Obviously if you have node doing less it's going to be "faster". Or is it? I'm not really sure that offloading tasks qualifies as being faster. I'd like to see some data on this though. Basic caching as supplied with connect should serve static files pretty damn fast I would think. Perhaps nginx does that for a living and kicks ass, but node shouldn't be all that bad.
All of those things seem like they would be true.
But even on a very basic implementation you shouldn't have to hit the disk all that often unless you have an extremely large number of static files to serve. This is quite possibly the case for many sites, but I think for most sites, all of your static files could be cached with a minimal memory hit.
The reason it is advised to not load static files via Node.js is that nodejs is a single thread process, and static files will hold up this thread. Nginx on the other hand, is multithreaded, and can continue serving other assets and requests while the statics are being served.

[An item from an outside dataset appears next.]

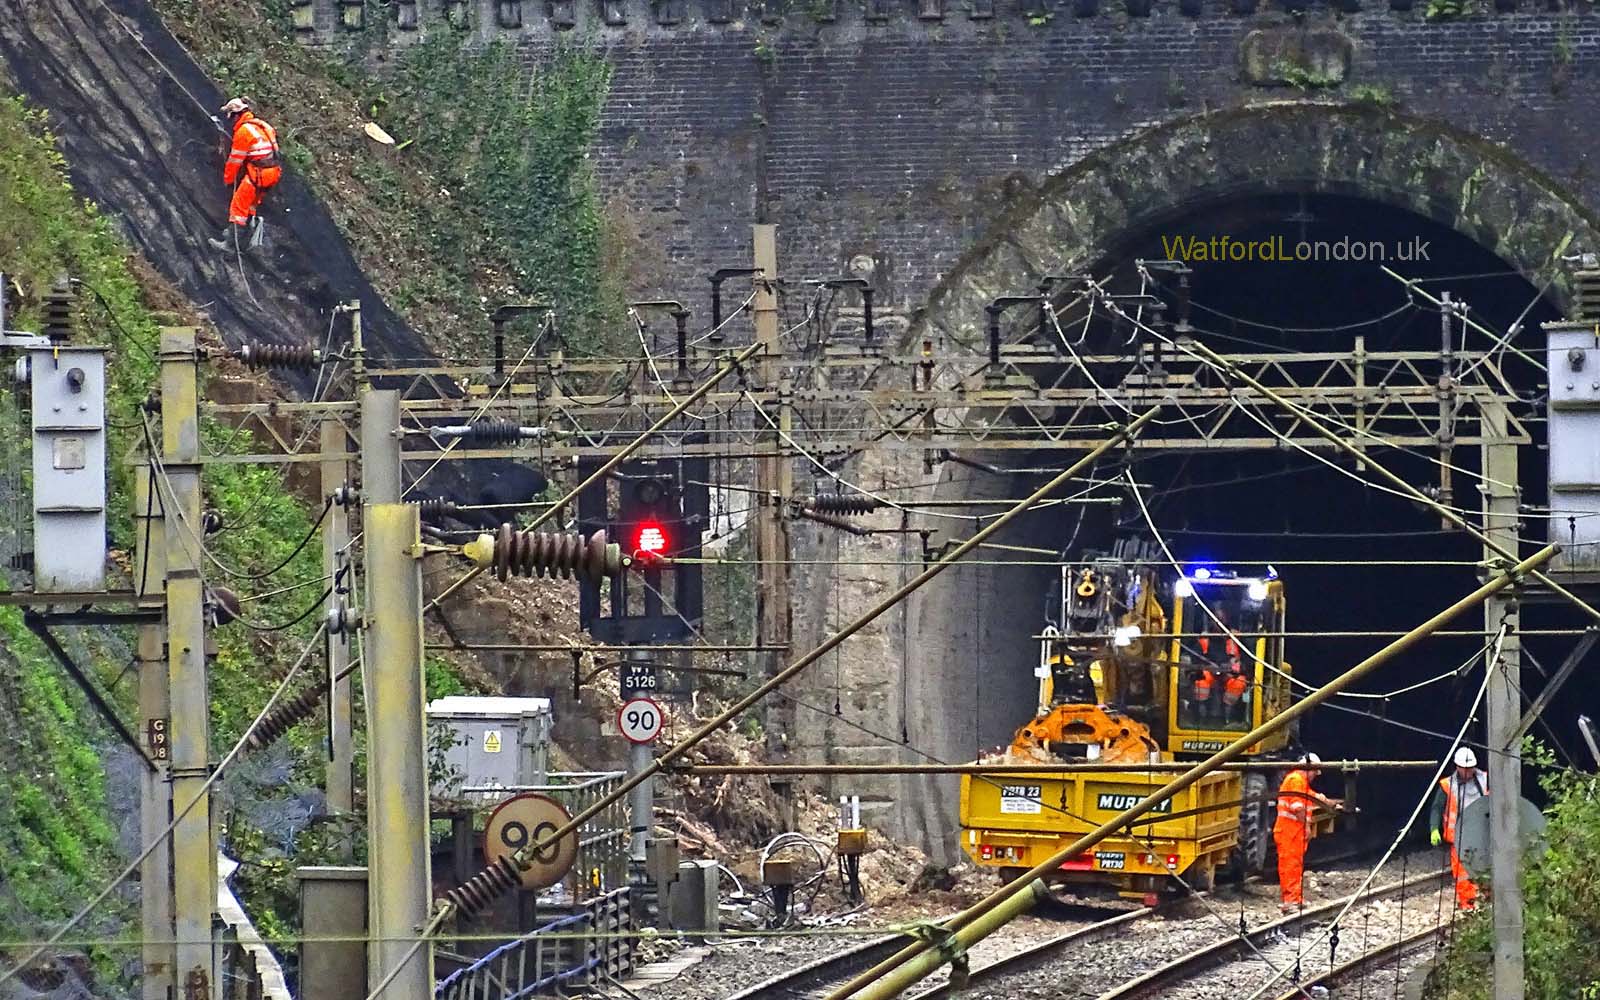 Watford Junction derailment: Crashed train travelling at 80mph before braking, investigators find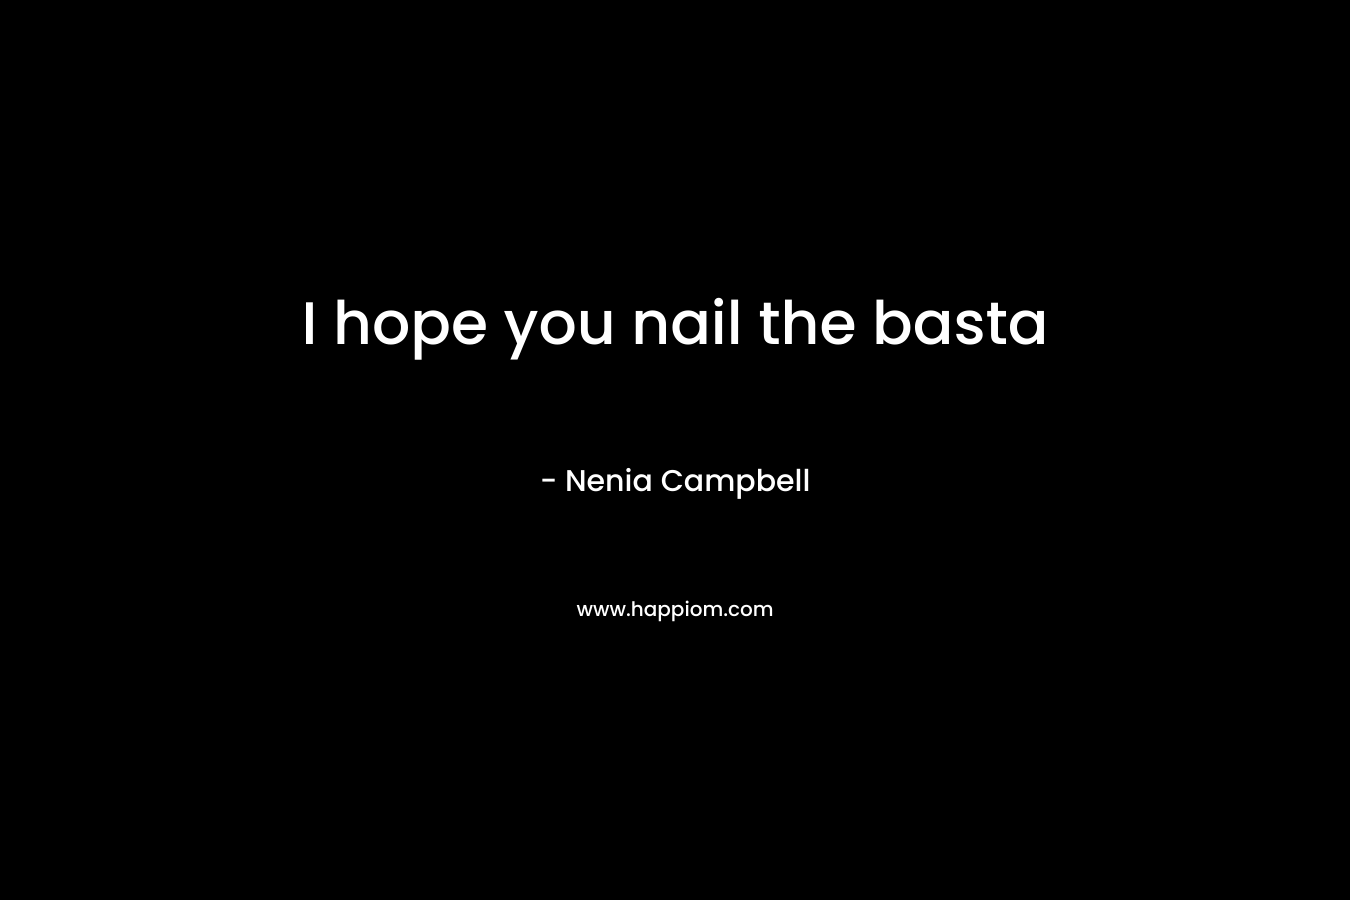 I hope you nail the basta

Nginx has a lot of tricks to handle this for you, including caching and working over multiple cores. There is also less framework overhead in Nginx because it's not trying to do dynamic content. I'd be surprised if Node beats Nginx for serving static content, but alas I do not have any proof. At the very least it will use time in Node that is better off serving dynamic content.
Obviously if you have node doing less it's going to be "faster". Or is it? I'm not really sure that offloading tasks qualifies as being faster. I'd like to see some data on this though. Basic caching as supplied with connect should serve static files pretty damn fast I would think. Perhaps nginx does that for a living and kicks ass, but node shouldn't be all that bad.